RECORDS TO USE
____
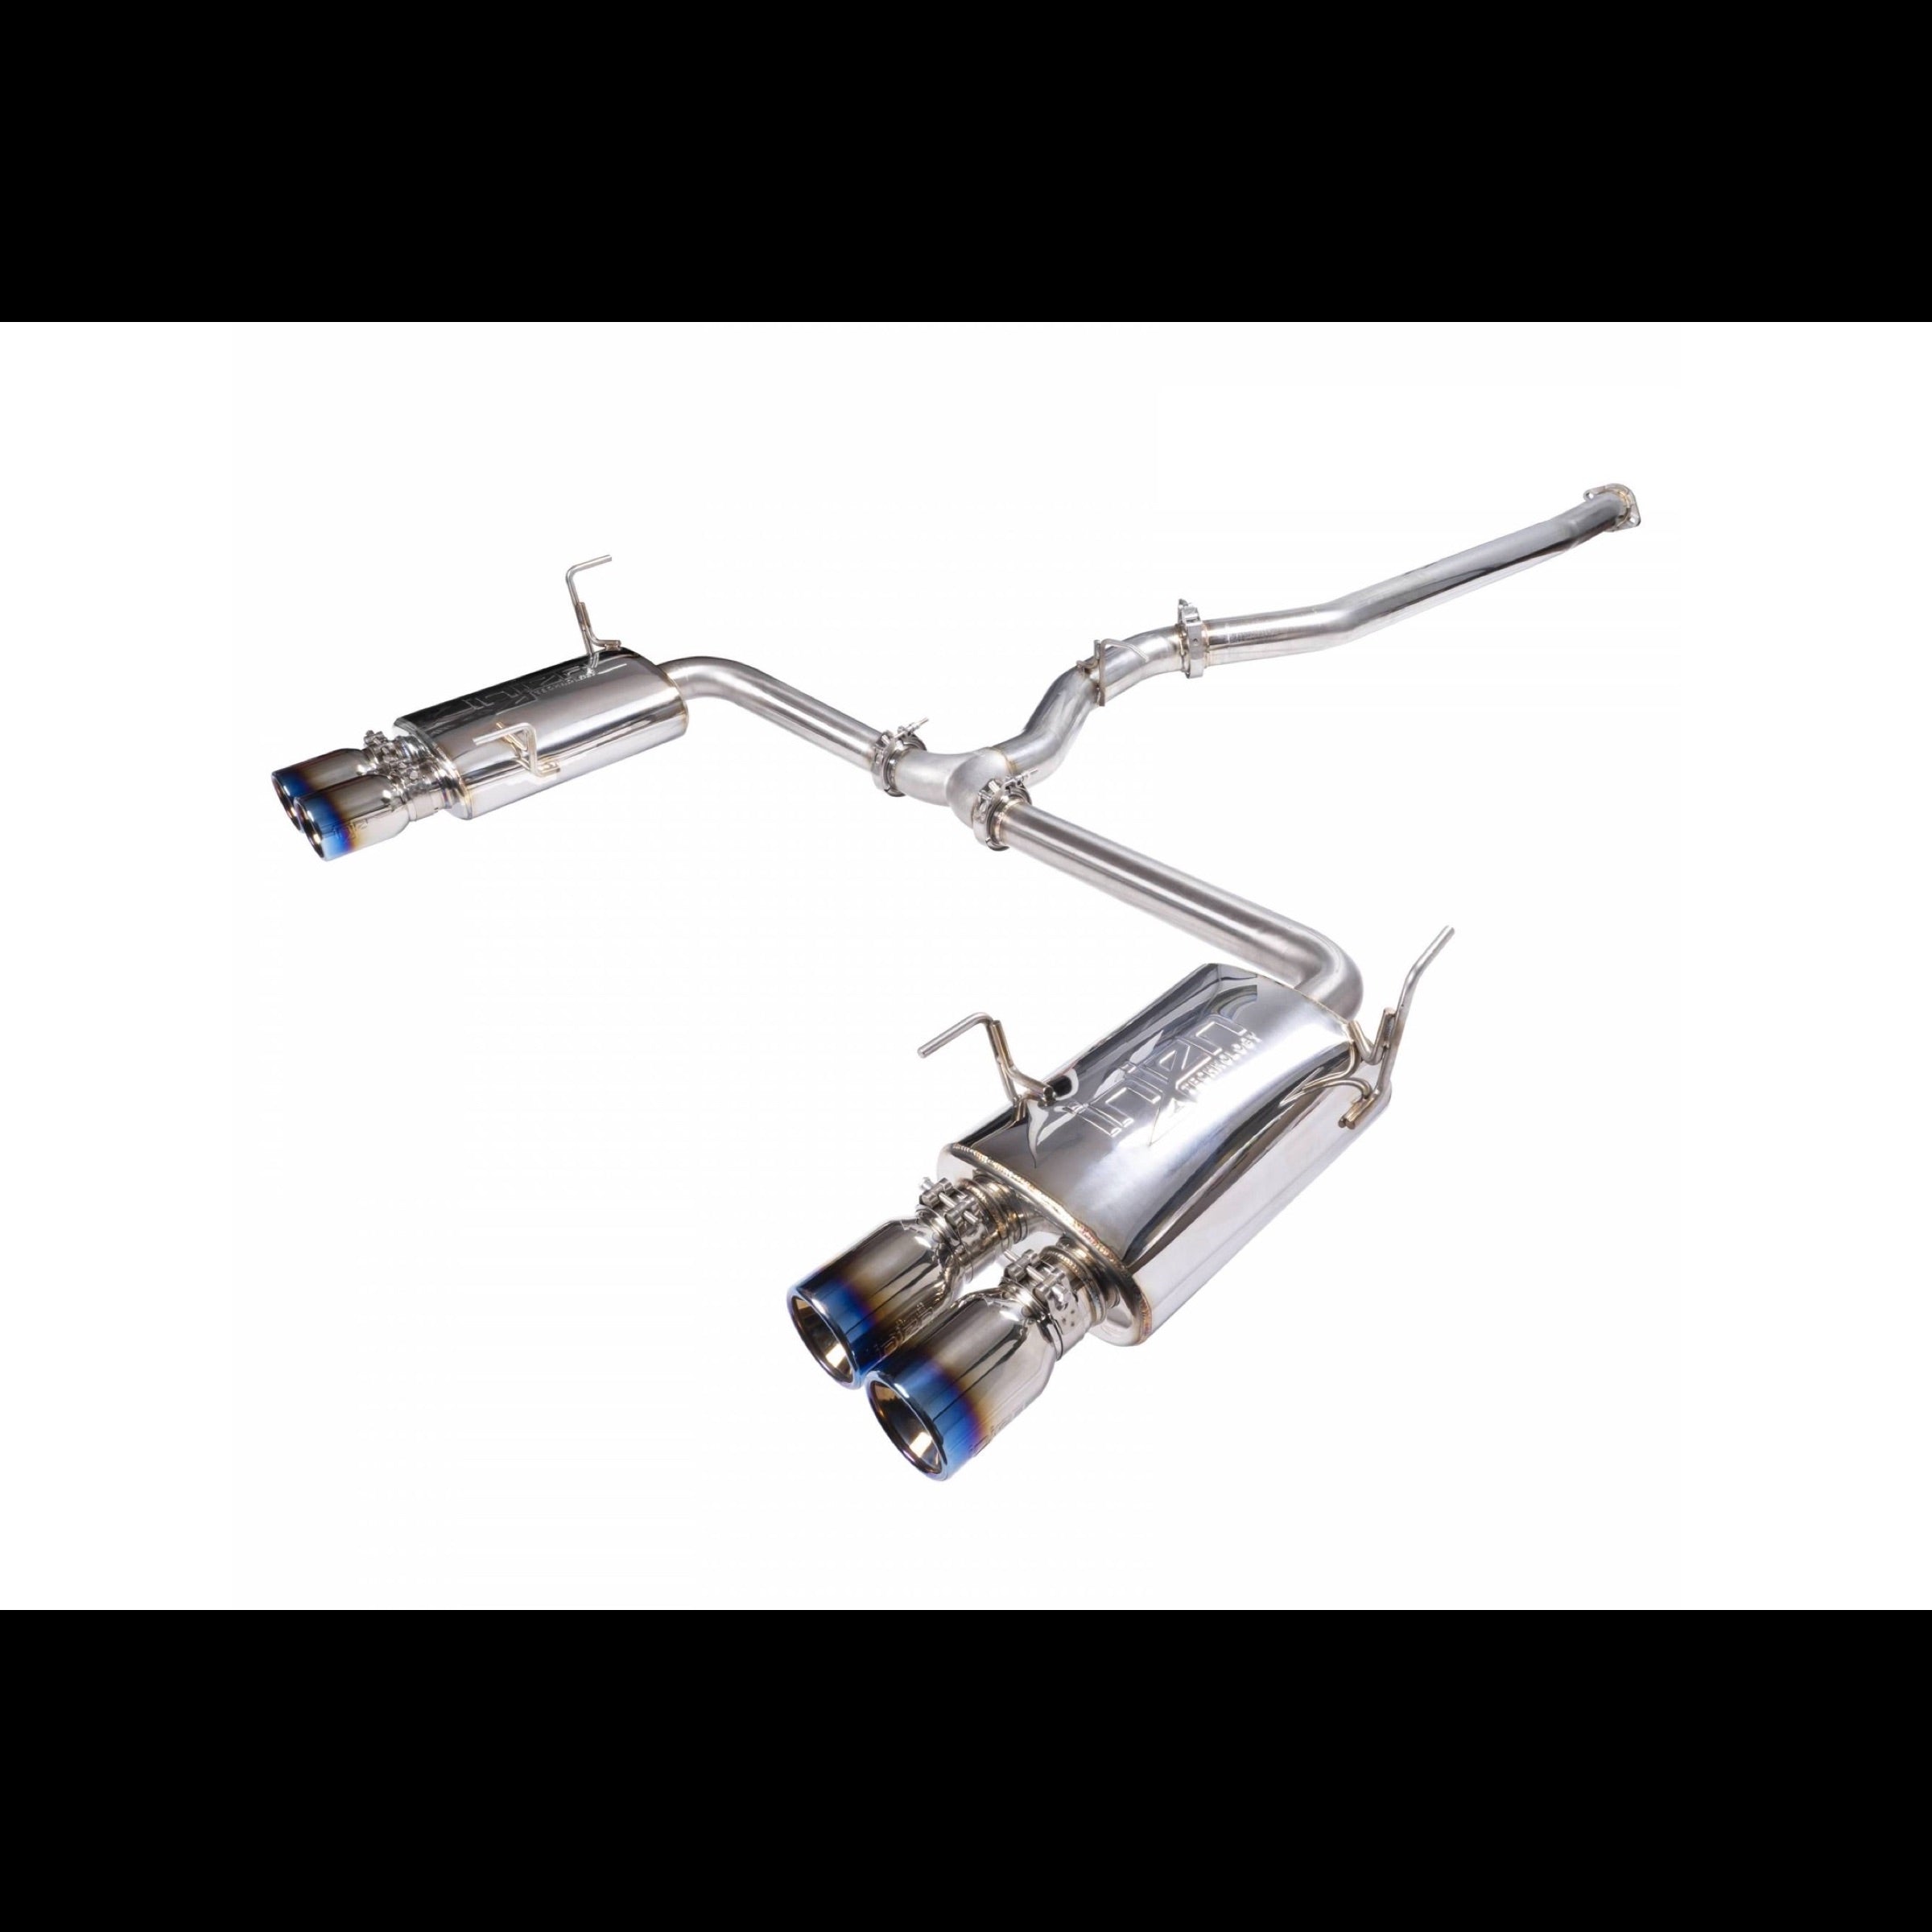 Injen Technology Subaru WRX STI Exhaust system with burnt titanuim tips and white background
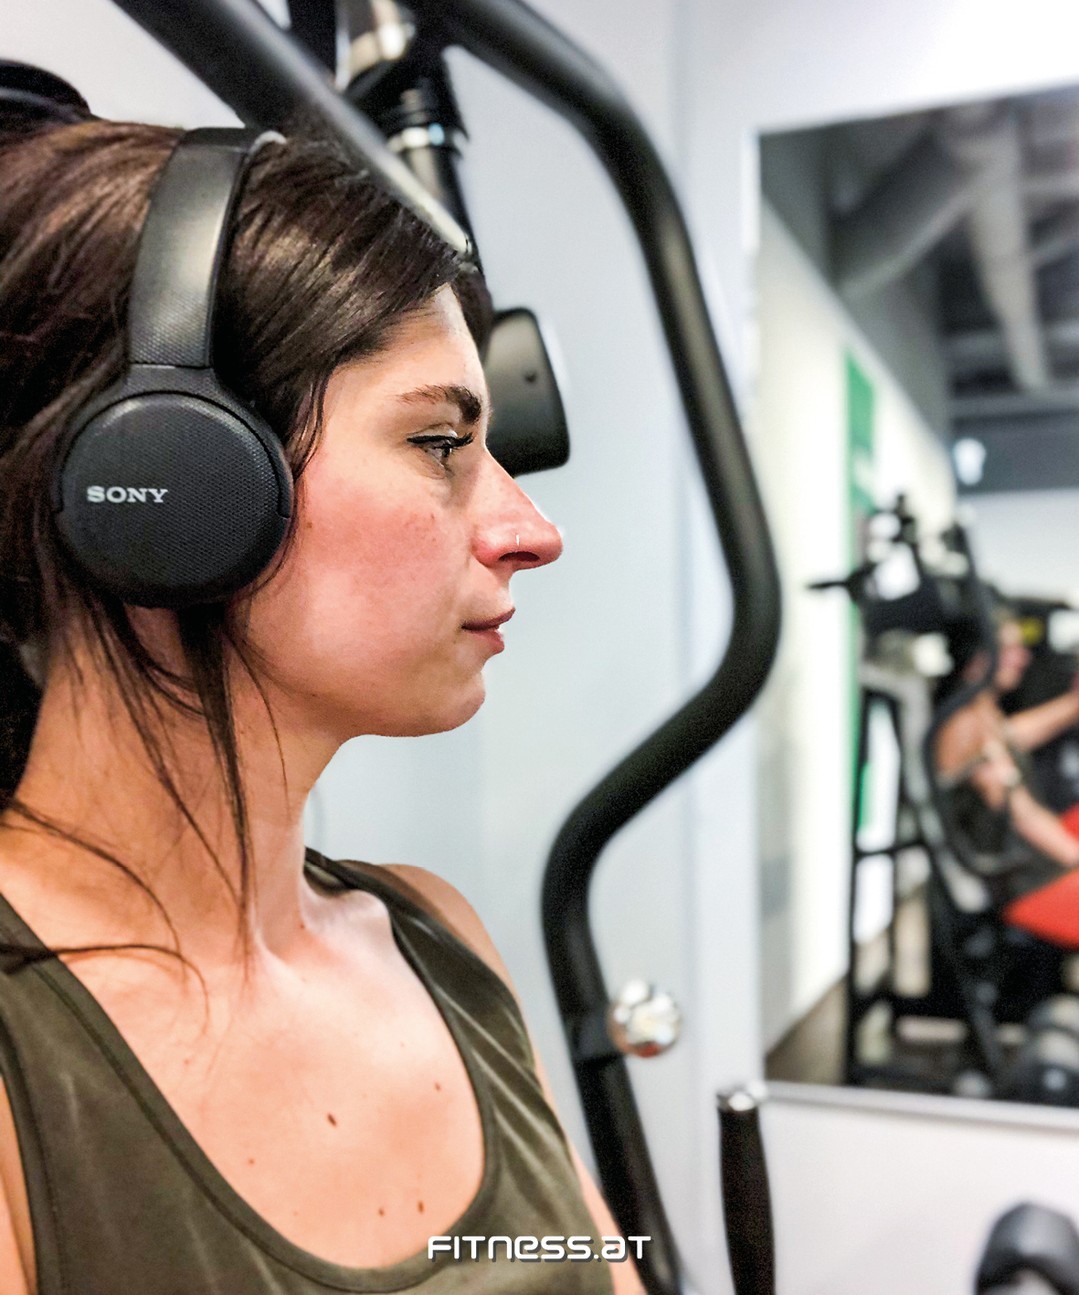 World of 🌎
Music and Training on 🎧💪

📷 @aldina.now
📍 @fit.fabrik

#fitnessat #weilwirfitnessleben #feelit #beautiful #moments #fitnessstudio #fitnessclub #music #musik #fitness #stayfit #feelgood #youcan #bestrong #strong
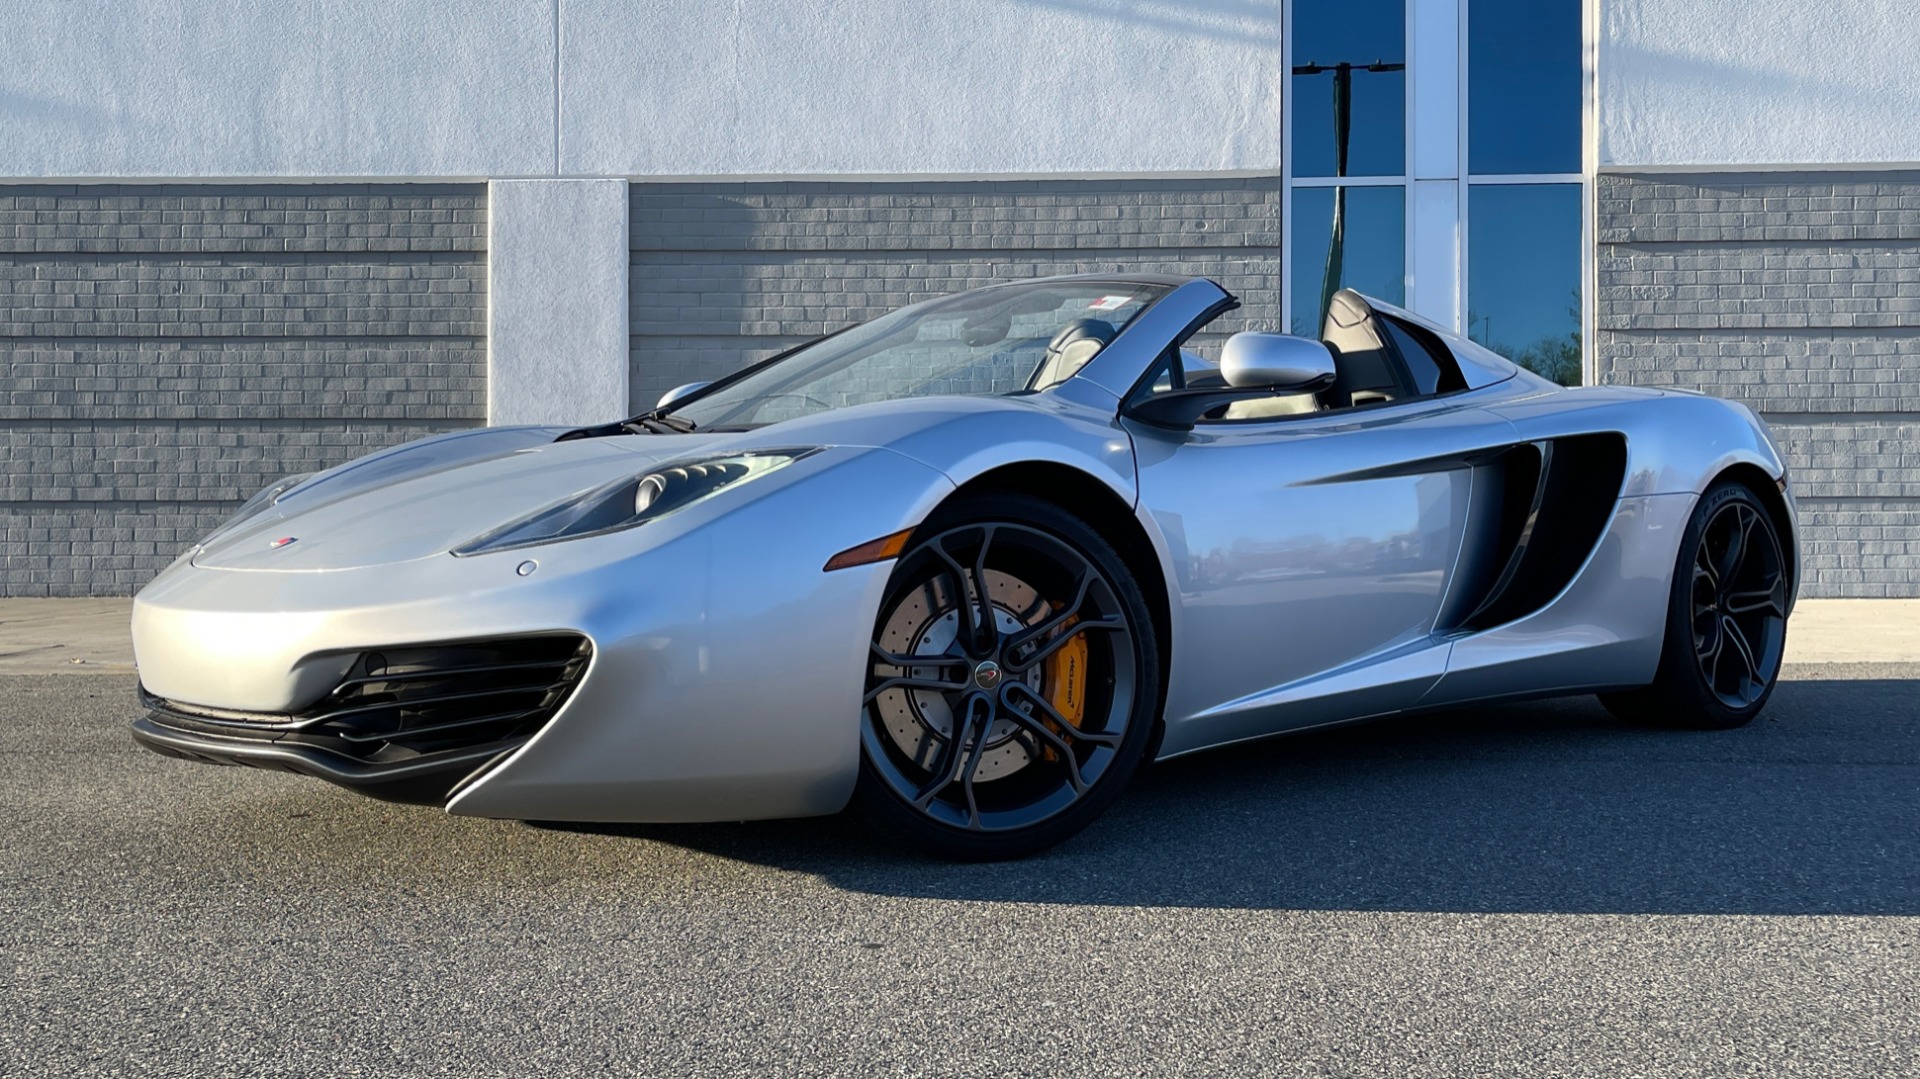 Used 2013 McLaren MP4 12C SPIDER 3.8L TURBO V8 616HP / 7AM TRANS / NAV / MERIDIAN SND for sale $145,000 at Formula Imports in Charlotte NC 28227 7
____
WORK REQUIRED
Could you reproduce, exactly, every line above from the line with "Music and Training on 🎧💪" to the line with "#fitnessat #weilwirfitnessleben #feelit", and no other line? Both ends count.

WRITTEN RESPONSE
Music and Training on 🎧💪

📷 @aldina.now
📍 @fit.fabrik

#fitnessat #weilwirfitnessleben #feelit #beautiful #moments #fitnessstudio #fitnessclub #music #musik #fitness #stayfit #feelgood #youcan #bestrong #strong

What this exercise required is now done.